09/06/2013  05:23 PM            18,457 ManoScanEMT.asm
09/07/2013  02:35 PM            24,400 00ManoScanEMT.inc
08/30/2013  09:42 PM            25,933 01InitData.inc
09/05/2013  09:47 AM            10,987 02UninitData.inc
09/04/2013  06:19 PM            37,985 03WndProc.inc
09/07/2013  05:27 PM           100,422 04HRProc.inc
09/02/2013  11:00 AM            85,744 05VPProc.inc
09/03/2013  09:33 AM            79,880 06HPProc.inc
08/15/2013  03:48 PM            11,410 07PalProc.inc
07/25/2013  04:21 PM            31,898 08CustBtn.inc
08/31/2013  06:09 PM            91,318 09ToolAProc.inc
06/11/2013  04:12 PM             4,420 10ToolBProc.inc
08/22/2013  09:36 AM             7,837 11ScrollProc.inc
08/01/2013  09:35 AM             4,779 12TrkProc.inc
06/11/2013  04:14 PM             5,639 13TipProc.inc
08/20/2013  06:00 AM            20,670 14CommData.inc
09/05/2013  10:04 AM            45,234 15InitMisc.inc

;###############################################################################################

        .DATA
        ALIGN   8

;***********************************************************************************************

        INCLUDE     01InitData.inc

;###############################################################################################

        .DATA?
        ALIGN   4

;***********************************************************************************************

        INCLUDE     02UninitData.inc

;###############################################################################################

        .CODE

;***********************************************************************************************

        INCLUDE     03WndProc.inc

;***********************************************************************************************

        INCLUDE     04HRProc.inc

;***********************************************************************************************
and so on....


if i want to, i can re-combine them when i am done with the major development

of course - there is always "don't change too many things at once"
if you ever work on electronics prototypes, you will learn that one, quickly   :P

anta40

Hi Joechen,

I usually use git and subversion.
Both of them works well with Eclipse, our IDE of choice:
http://subclipse.tigris.org/
http://www.eclipse.org/egit/

But for one-man project, I think Fossil is more then enough.  ;)

Bottom line is probably now we should use version control
instead of the old "tarballs and patches" ;)

jj2007

Thanks, Gunther, Dave & Anta.
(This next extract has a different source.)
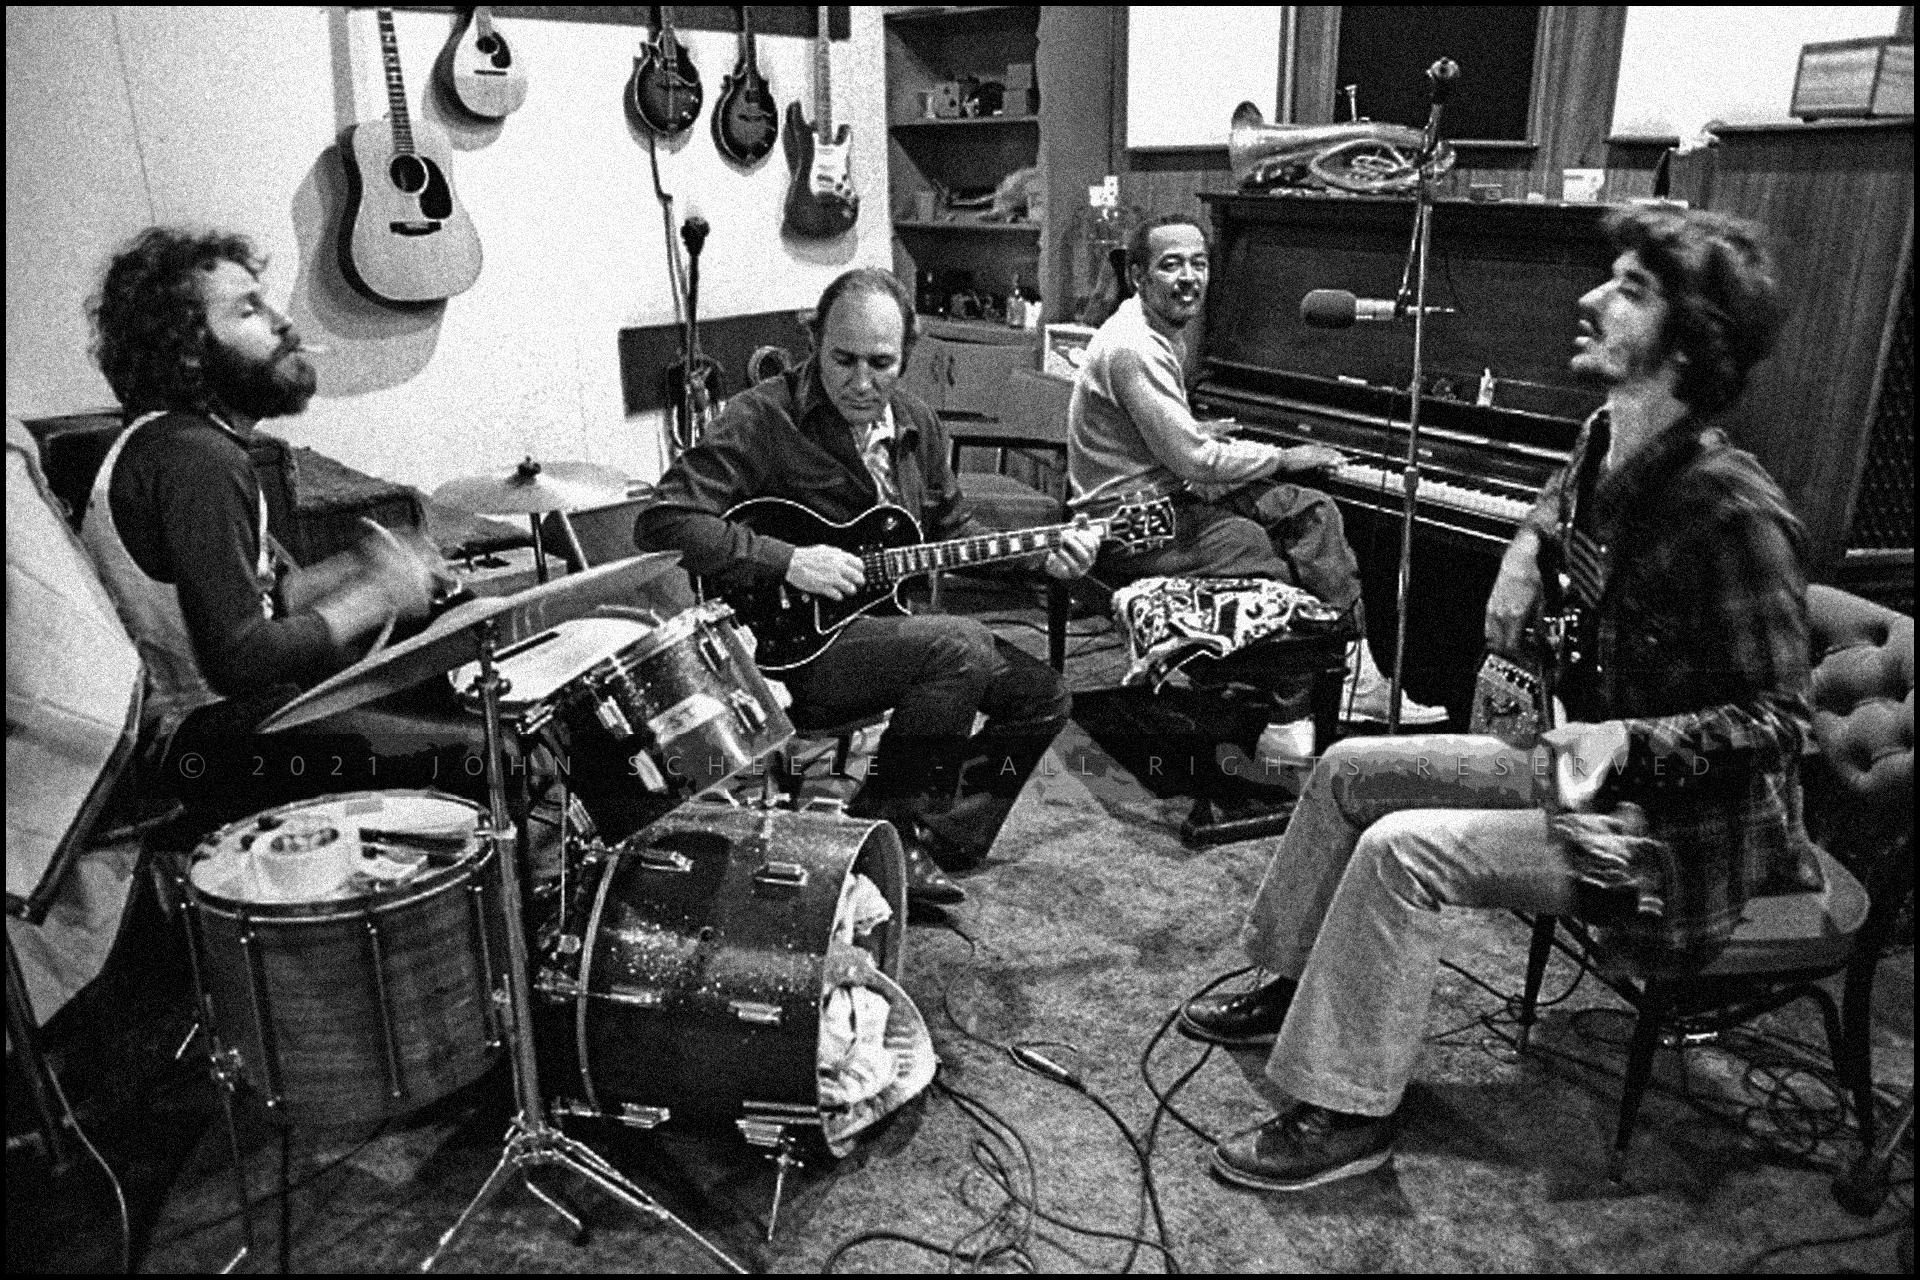 LEVON HELM, FRED CARTER, JR., HENRY GLOVER, RICK DANKO The Band - Shangri-La Studios, Malibu, CA (1975) © John Scheele

Will have to reflect a little bit now ;-)

FORTRANS

Hi,

   A long time ago, I used source management software at
work to access and modify standard programs we had to use.
(CDC Update.)  Worked well, but had a learning curve.  Used
it because I had to, give or take.  I bought a program that
copied the system we used at work, and may have used it once.
It required too much discipline and time to use it correctly.

Regards,

Steve N.

jcfuller

I use a local git for bc9Basic but I know I am using wrong :)
I create a new branch for almost every change as I could never figure out how to rollback one or more changes?

James

Adamanteus

#7
I'm using for local copies - reserve copying utility, that makes timestamp backup catalogues names.

sys64738

I'm running a subversion server on a linux machine. Whenever I have completed a functionally separate working module, I put it there. This wouldn't help if you do substantial changes, but I don't want to clutter the svn with to many revisions.

MichaelW

Instead of an IDE I use a programming editor (SciTE), running as many instances as I need. I try to avoid large projects, and seldom work with source files longer that a few hundred lines, so I just manually create backups whenever I feel the need, appending a sequence number to the end of the filename, occasionally with a description. I normally work with my editor(s) on the left side of the desktop and one or more Explorer windows on the right side, so creating a backup is just a matter of editing the name of the current source in Explorer then saving the source in my editor.
Well Microsoft, here's another nice mess you've gotten us into.

TWell

PellesC IDE have an option to zip whole project.